J.P. Morgan now assumes the UK banking surcharge rises from 3% to 5%, which it says would cut 2027 EPS by 2.7% for Lloyds, 2.4% for NatWest, 1.3% for Barclays and 0.6% for HSBC. The bank also flagged reserve remuneration changes as a larger risk, estimating potential 2027 profit hits of 29% for Lloyds, 42% for NatWest, 48% for Barclays and 7% for HSBC if reserves paid 0%. Despite the tax/policy headwinds, J.P. Morgan still sees supportive banking fundamentals and prefers UK Asian and Irish banks over domestic lenders.

Analysis

The market is still underpricing how a UK-specific tax shock propagates through bank valuation multiples rather than just EPS. Domestic lenders with larger UK profit pools and higher payout expectations should see the sharpest de-rating because the issue is not the absolute tax rate alone, but the precedent it sets: once the policy debate shifts from a one-off surcharge to a broader banking contribution, investors will demand a structurally higher cost of equity for UK retail-heavy franchises.

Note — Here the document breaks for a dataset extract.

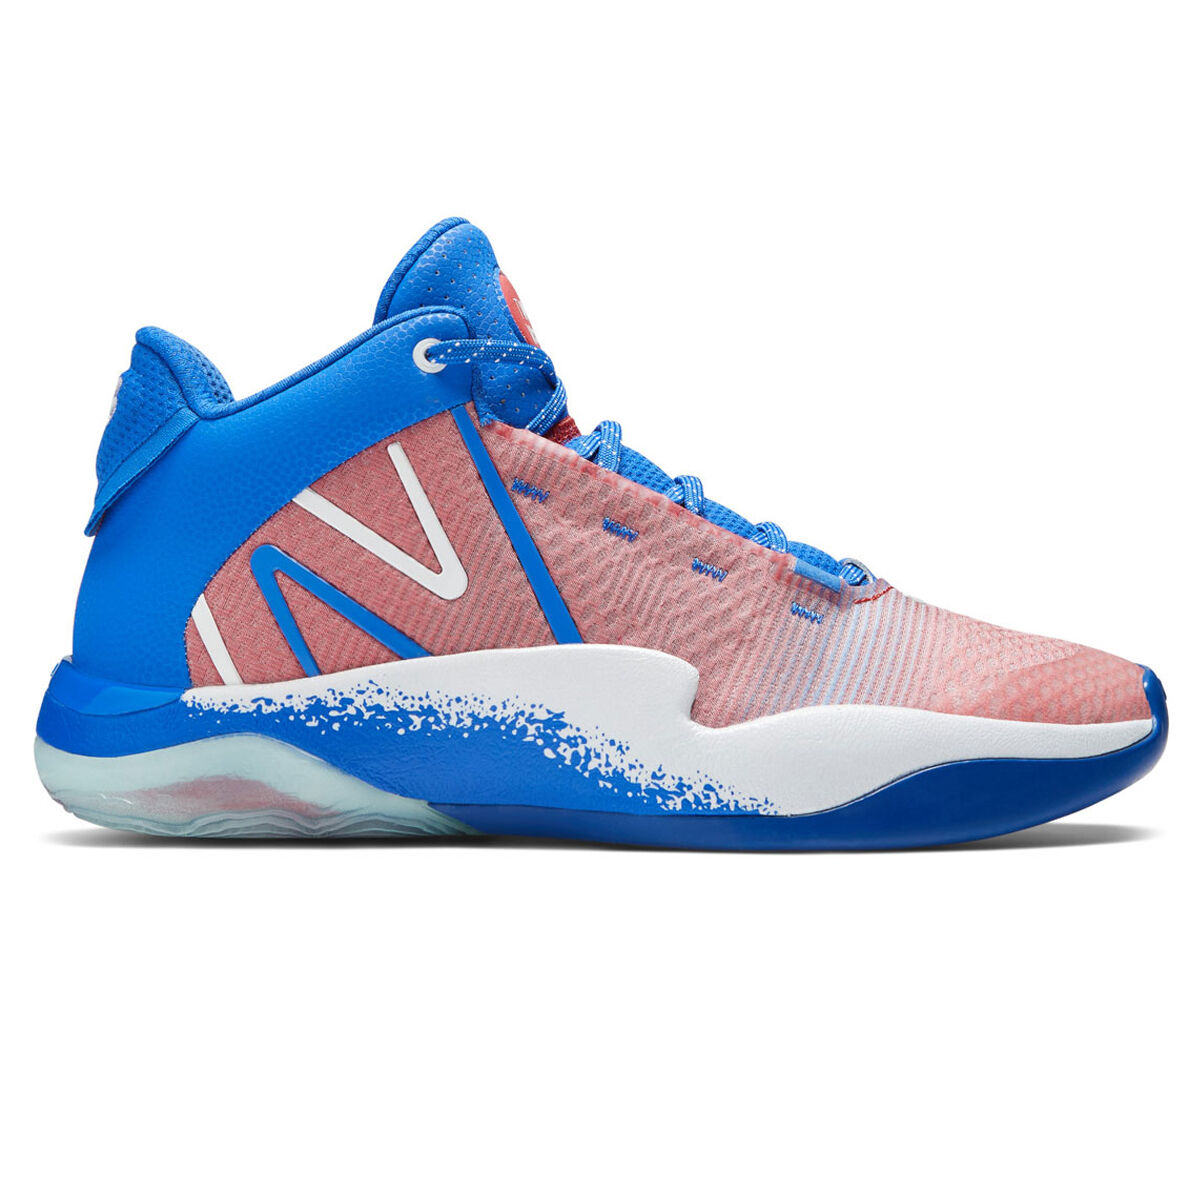 New Balance Two WXY 2 Basketball Shoes | Rebel Sport

The second-order winner is not necessarily another UK bank, but foreign or structurally diversified lenders with lower domestic political beta. HSBC is relatively insulated versus NWG and Lloyds because its earnings mix reduces exposure to Westminster risk, while Barclays sits in the middle: less surcharge-sensitive than Lloyds/NWG, but much more exposed than global peers if reserve-remuneration rhetoric gains traction. That reserve-remuneration debate is the true tail risk because it would hit profitability mechanically without requiring a recession, and it would likely compress sector ROE expectations across the cycle. Catalyst timing is important: surcharge changes are a months-to-budget story, while reserve remuneration would be a lower-probability but much faster multiple shock if it enters formal policy discourse. The near-term support from benign credit and volume growth limits immediate downside, but it also makes the stocks vulnerable to any policy headline because valuations are already screening cheap on forward PE and yield. That sets up a classic low-volatility policy squeeze: limited fundamental deterioration, but enough headline risk to stop a rerating. The consensus may be too sanguine on the idea that only the surcharge matters. If investors begin to price even a small probability of reserve changes, the whole domestic bank complex should trade as a quasi-regulated utility with lower terminal ROE, not as a cyclical value recovery. In that scenario, any relief rally should be sold into unless there is explicit government or BoE pushback that closes the policy overhang.